#### ACTION ITEM
Would it be possible to output exactly, and only, the lines below from the one holding "PANTONE 14-4315 TCX - Sea" to the last line, both included, with every picture left out?

#### INFORMATION SUPPLIED
-=-=-
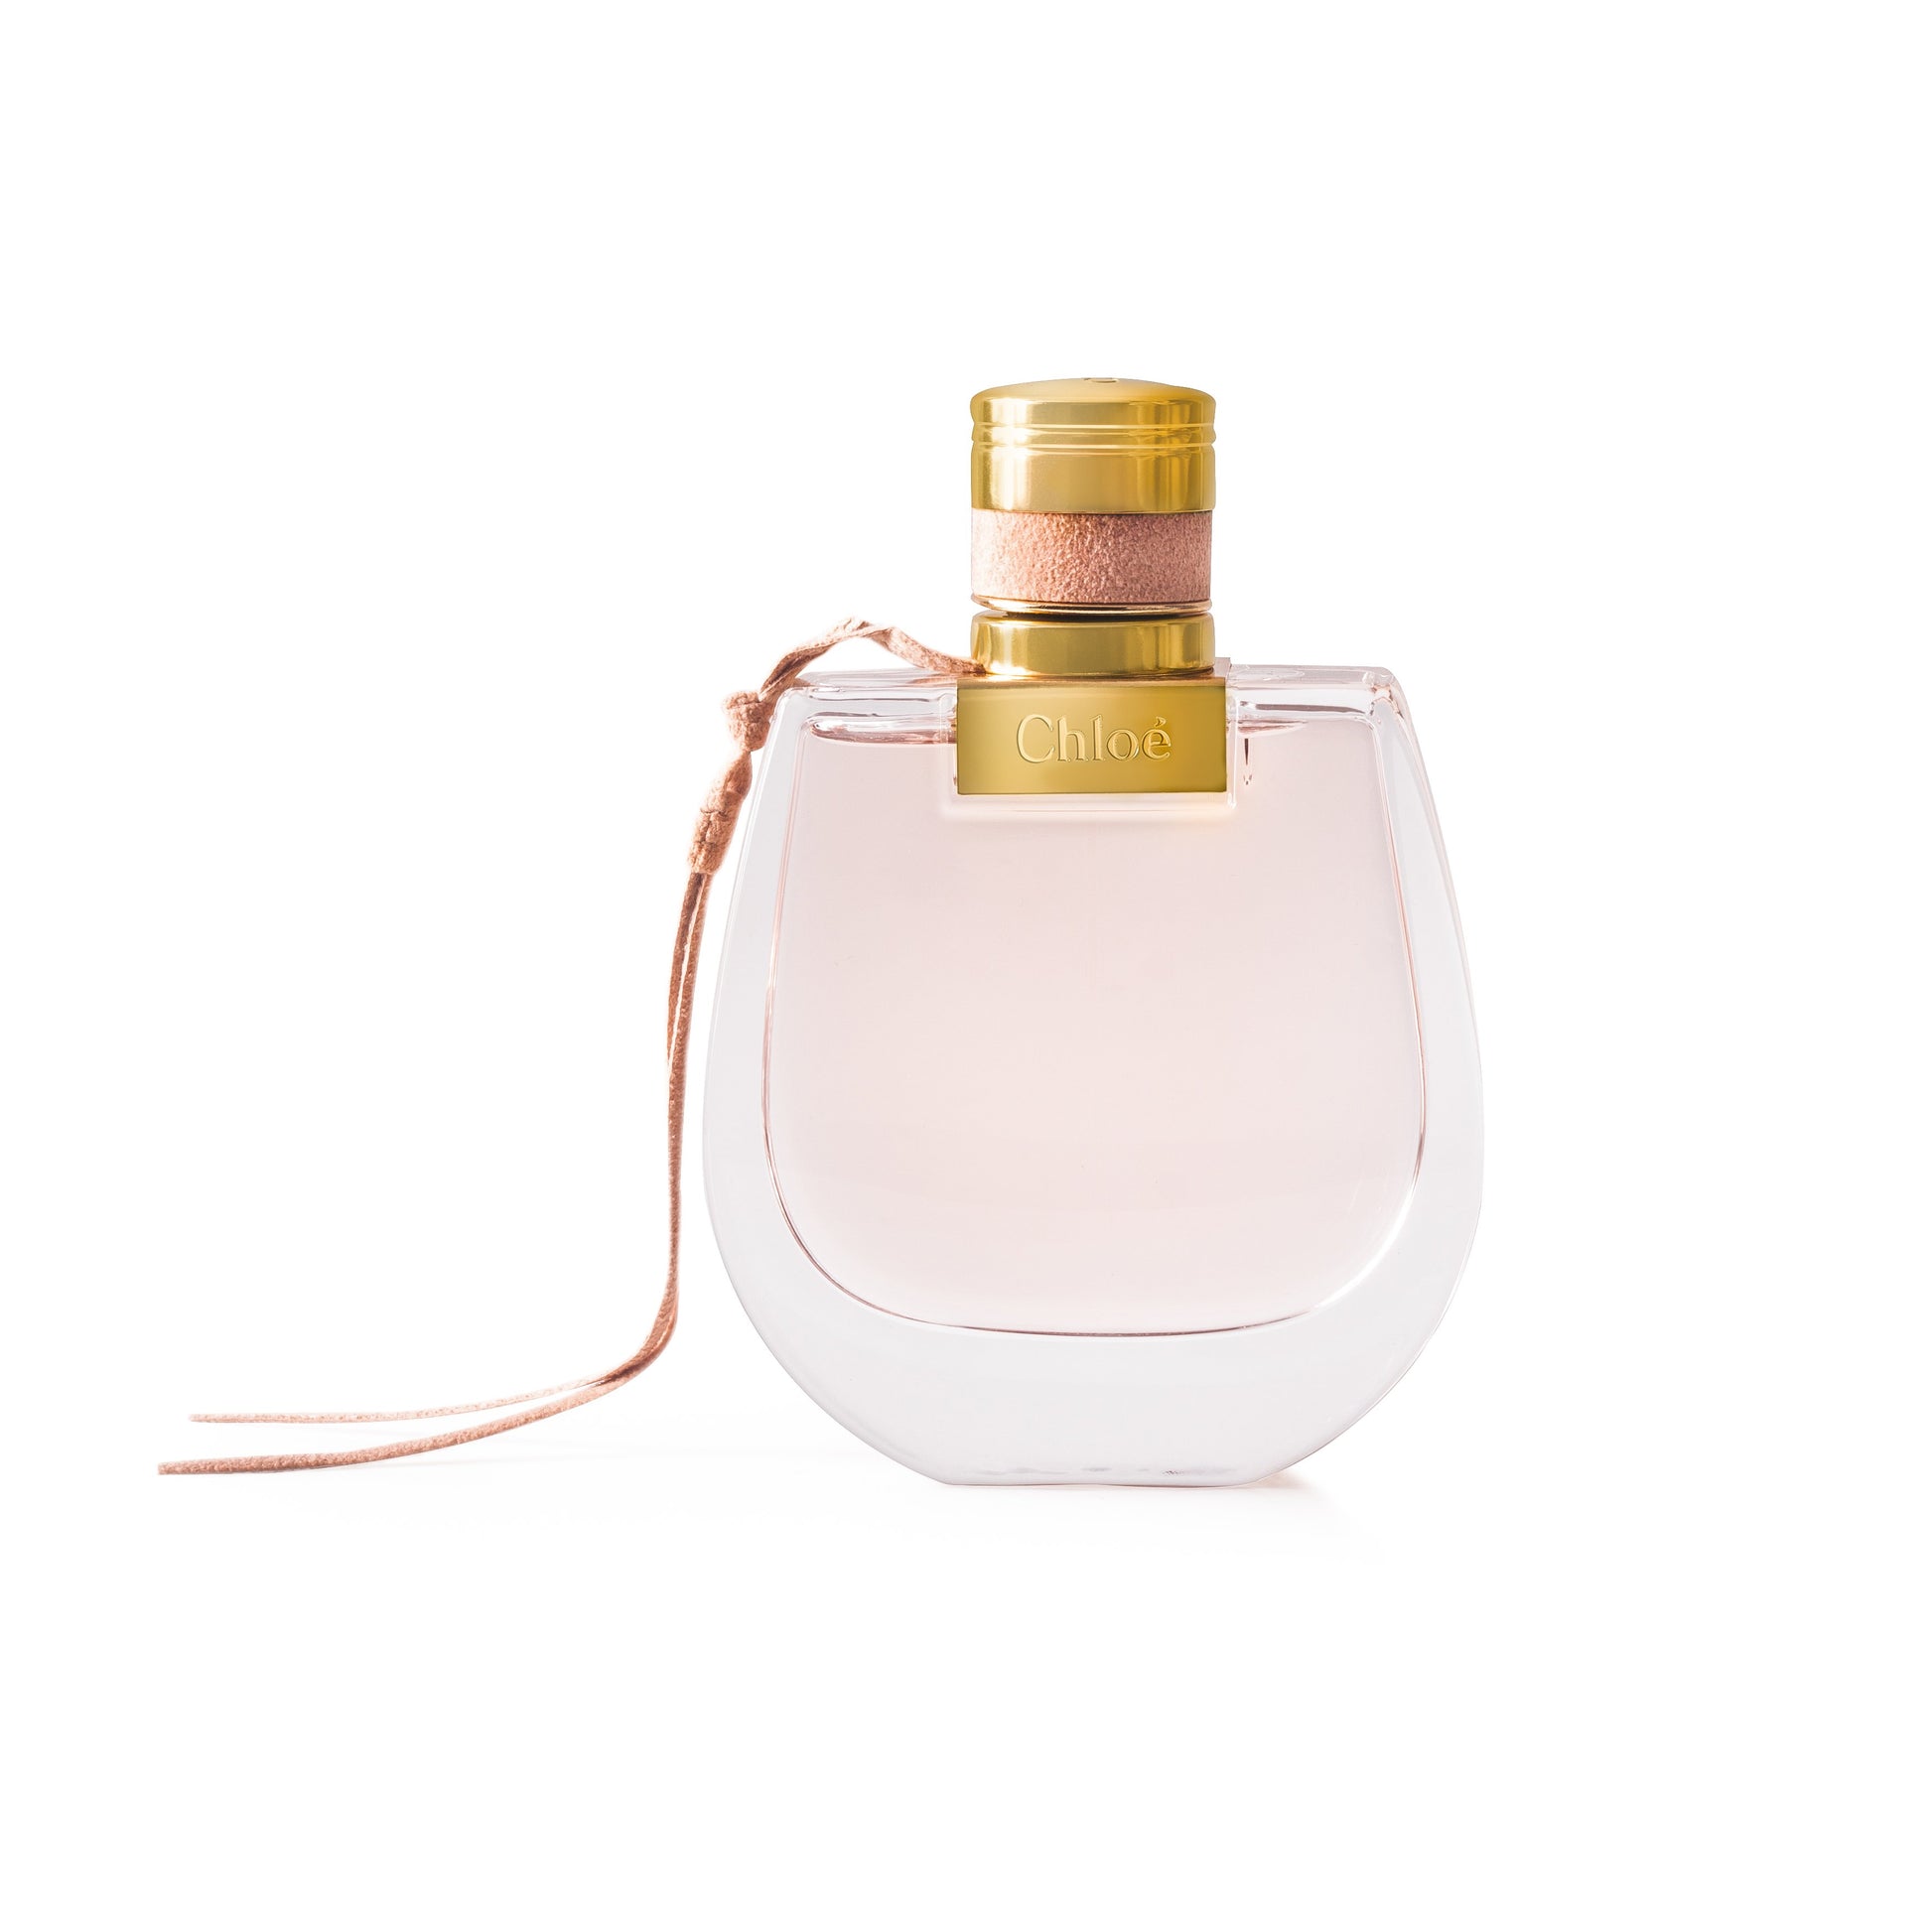 by Spray de for Chloe Fragrance Eau Nomade Women Parfum – Outlet
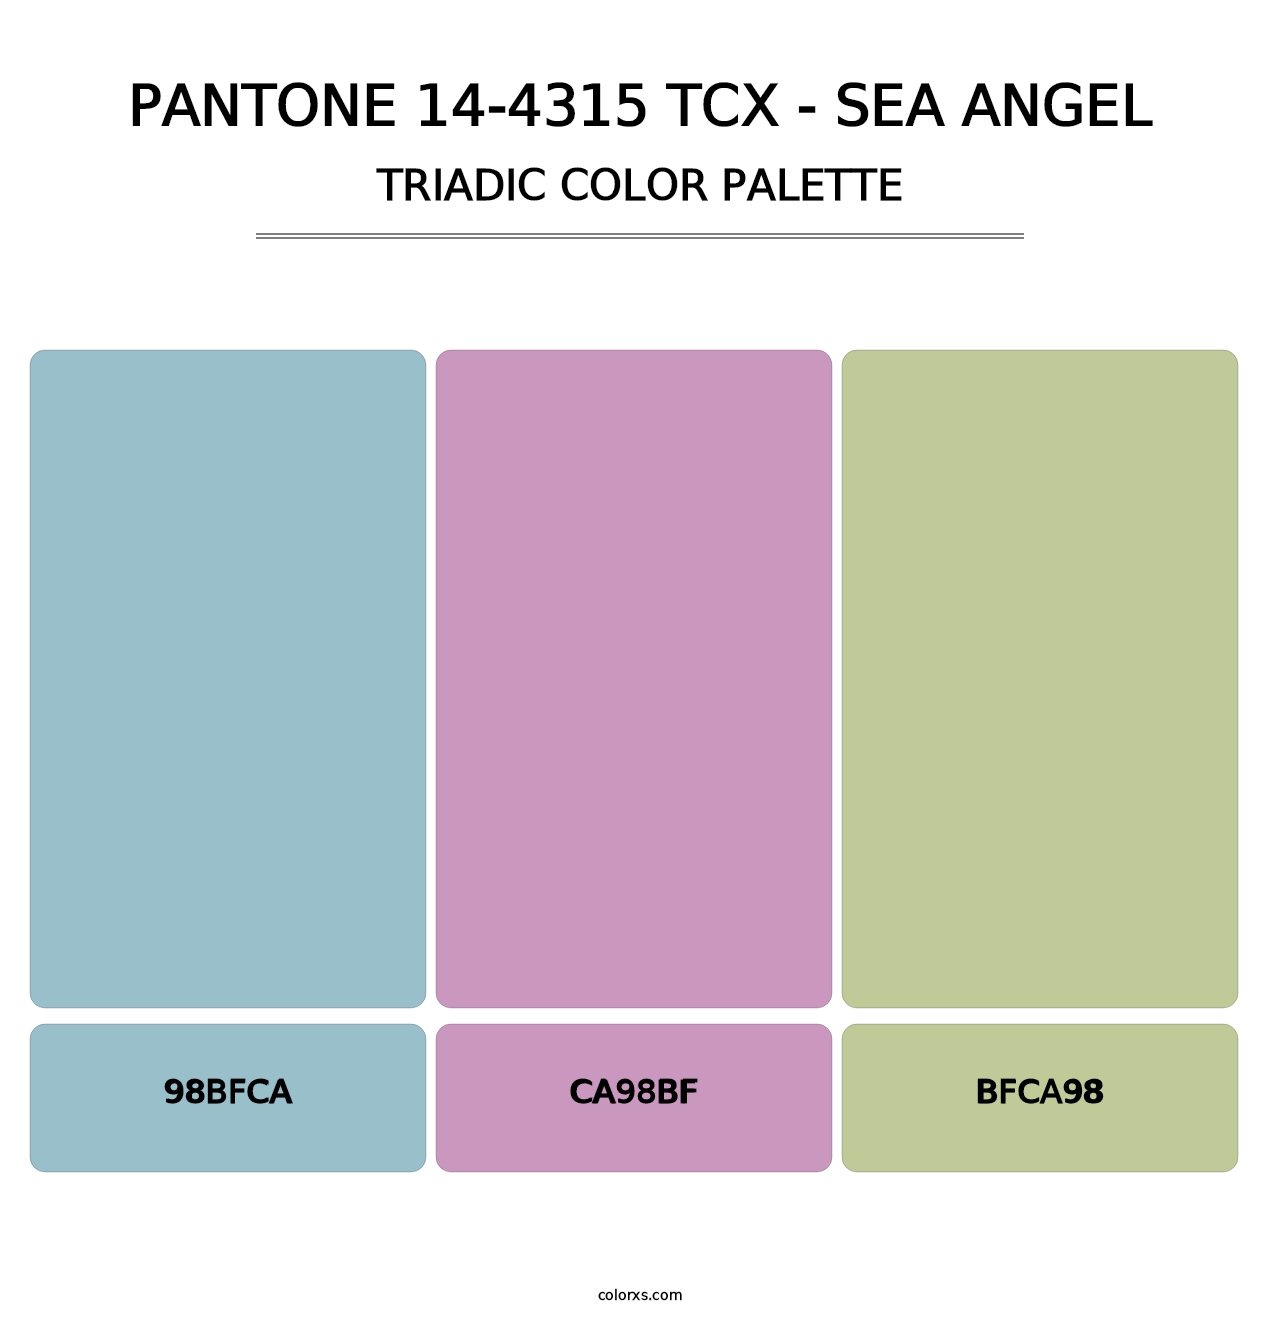 PANTONE 14-4315 TCX - Sea Angel - Triadic Color Palette
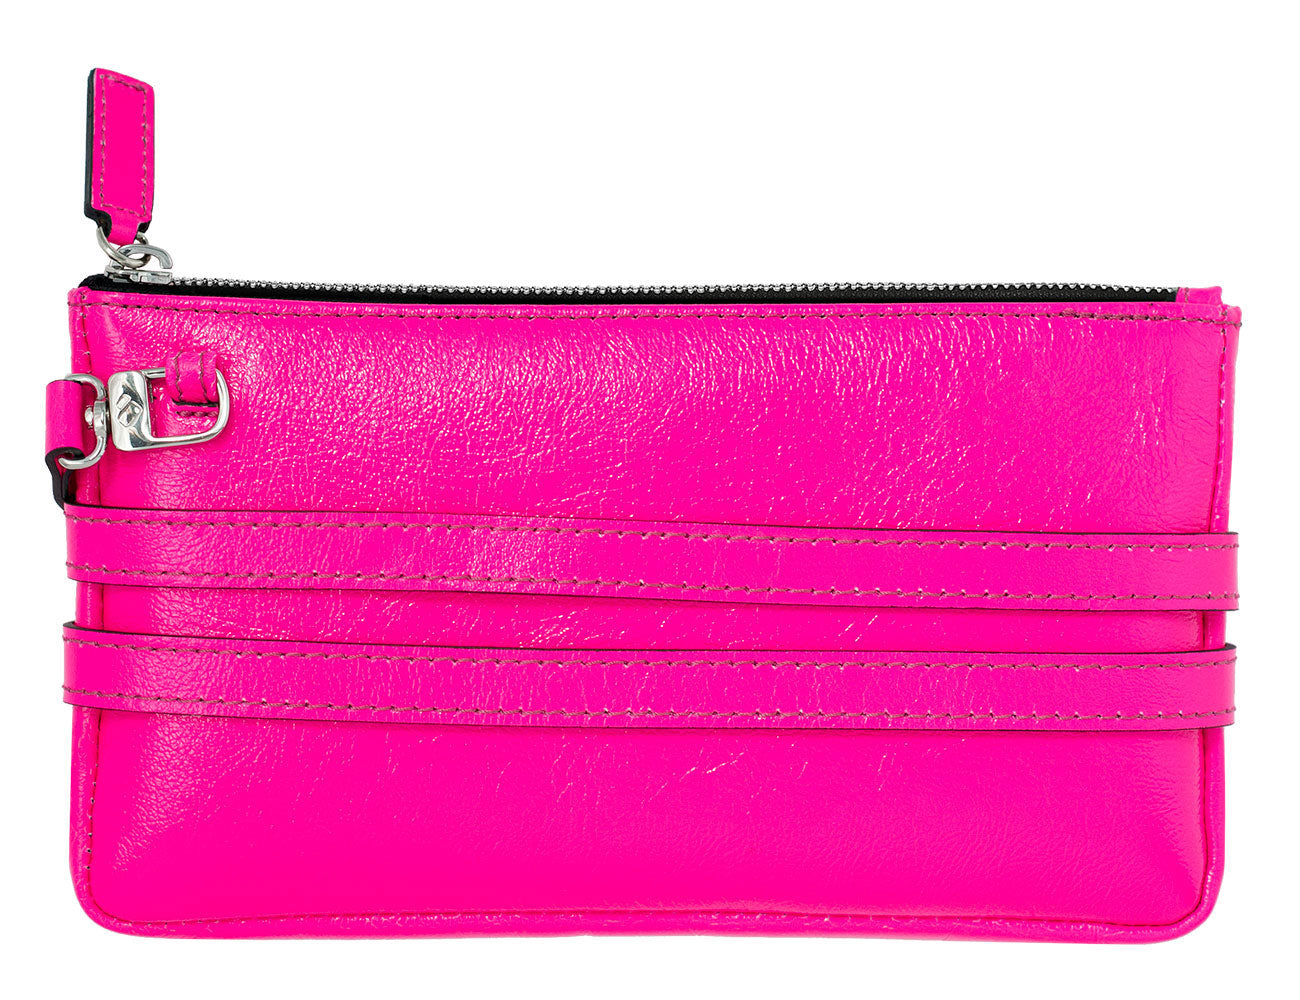 minibag neon pink, Ledertasche neon pink, Clutch neon pink, Rückseite minibag, Geldtasche neon pink
-=-=-
#### RESULT
 PANTONE 14-4315 TCX - Sea Angel - Triadic Color Palette
 minibag neon pink, Ledertasche neon pink, Clutch neon pink, Rückseite minibag, Geldtasche neon pink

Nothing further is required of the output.